"Alas!" said Morven, when, at the next day, he again met the aspiring prince; "alas! the stars have ordained me a lot which my heart desires not: for I, lonely of life, and crippled of shape, am insensible to the fires of love; and ever, as thou and thy tribe know, I have shunned the eyes of women, for the maidens laughed at my halting step and my sullen features; and so in my youth I learned betimes to banish all thoughts of love. But since they told me (as they declared to thee), that only through that marriage, thou, O beloved prince! canst obtain thy father's plumed crown, I yield me to their will."

"But," said the prince, "not until I am king can I give thee my sister in marriage; for thou knowest that my sire would smite me to the dust if I asked him to give the flower of our race to the son of the herdsman Osslah."

"Thou speakest the words of truth. Go home and fear not; but, when thou art king, the sacrifice must be made, and Orna mine. Alas! how can I dare to lift mine eyes to her! But so ordain the dread kings of the night!--who shall gainsay their word?"

"The day that sees me king sees Orna thine," answered the prince.

Morven walked forth, as was his wont, alone; and he said to himself, "The king is old, yet may he live long between me and mine hope!" and he began to cast in his mind how he might shorten the time. Thus absorbed, he wandered on so unheedingly that night advanced, and he had lost his path among the thick woods and knew not how to regain his home. So he lay down quietly beneath a tree, and rested till day dawned; then hunger came upon him, and he searched among the bushes for such simple roots as those with which, for he was ever careless of food, he was used to appease the cravings of nature.

He found, among other more familiar herbs and roots, a red berry of a sweetish taste, which he had never observed before. He ate of it sparingly, and had not proceeded far in the wood before he found his eyes swim, and a deadly sickness came over him. For several hours he lay convulsed on the ground, expecting death; but the gaunt spareness of his frame, and his unvarying abstinence, prevailed over the poison, and he recovered slowly, and after great anguish. But he went with feeble steps back to the spot where the berries grew, and, plucking several, hid them in his bosom, and by nightfall regained the city.

The next day he went forth among his father's herds, and seizing a lamb, forced some of the berries into his stomach, and the lamb, escaping, ran away, and fell down dead. Then Morven took some more of the berries and boiled them down, and mixed the juice with wine, and he gave the wine in secret to one of his father's servants, and the servant died.

Then Morven sought the king, and coming into his presence, alone, he said unto him, "How fares my lord?"

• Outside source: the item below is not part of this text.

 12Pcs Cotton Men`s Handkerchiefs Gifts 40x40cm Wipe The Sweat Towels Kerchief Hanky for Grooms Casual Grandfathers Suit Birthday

The king sat on a couch made of the skins of wolves, and his eye was glassy and dim; but vast were his aged limbs, and huge was his stature, and he had been taller by a head than the children of men, and none living could bend the bow he had bent in youth; gray, gaunt, and worn, as some mighty bones that are dug at times from the bosom of the earth,--a relic of the strength of old.

And the king said faintly, and with a ghastly laugh, "The men of my years fare ill. What avails my strength? Better had I been born a cripple like thee, so should I have had nothing to lament in growing old."

The red flush passed over Morven's brow; but he bent humbly,--

"O king, what if I could give thee back thy youth? What if I could restore to thee the vigour which distinguished thee above the sons of men, when the warriors of Alrich fell like grass before thy sword?"

Then the king uplifted his dull eyes, and he said,--

"What meanest thou, son of Osslah? Surely I hear much of thy great wisdom, and how thou speakest nightly with the stars. Can the gods of the night give unto thee the secret to make the old young?"

"Tempt them not by doubt," said Morven, reverently. "All things are possible to the rulers of the dark hour; and, lo! the star that loves thy servant spake to him at the dead of night, and said, 'Arise, and go unto the king; and tell him that the stars honour the tribe of Oestrich, and remember how the king bent his bow against the sons of Alrich; wherefore, look thou under the stone that lies to the right of thy dwelling, even beside the pine tree, and thou shalt see a vessel of clay, and in the vessel thou wilt find a sweet liquid, that shall make the king thy master forget his age forever.' Therefore, my lord, when the morning rose I went forth, and looked under the stone, and behold the vessel of clay; and I have brought it hither to my lord the king."

"Quick, slave, quick! that I may drink and regain my youth!"

"Nay, listen, O king! further said the star to me,--

"'It is only at night, when the stars have power, that this their gift will avail; wherefore the king must wait till the hush of the midnight, when the moon is high, and then may he mingle the liquid with his wine. And he must reveal to none that he hath received the gift from the hand of the servant of the stars.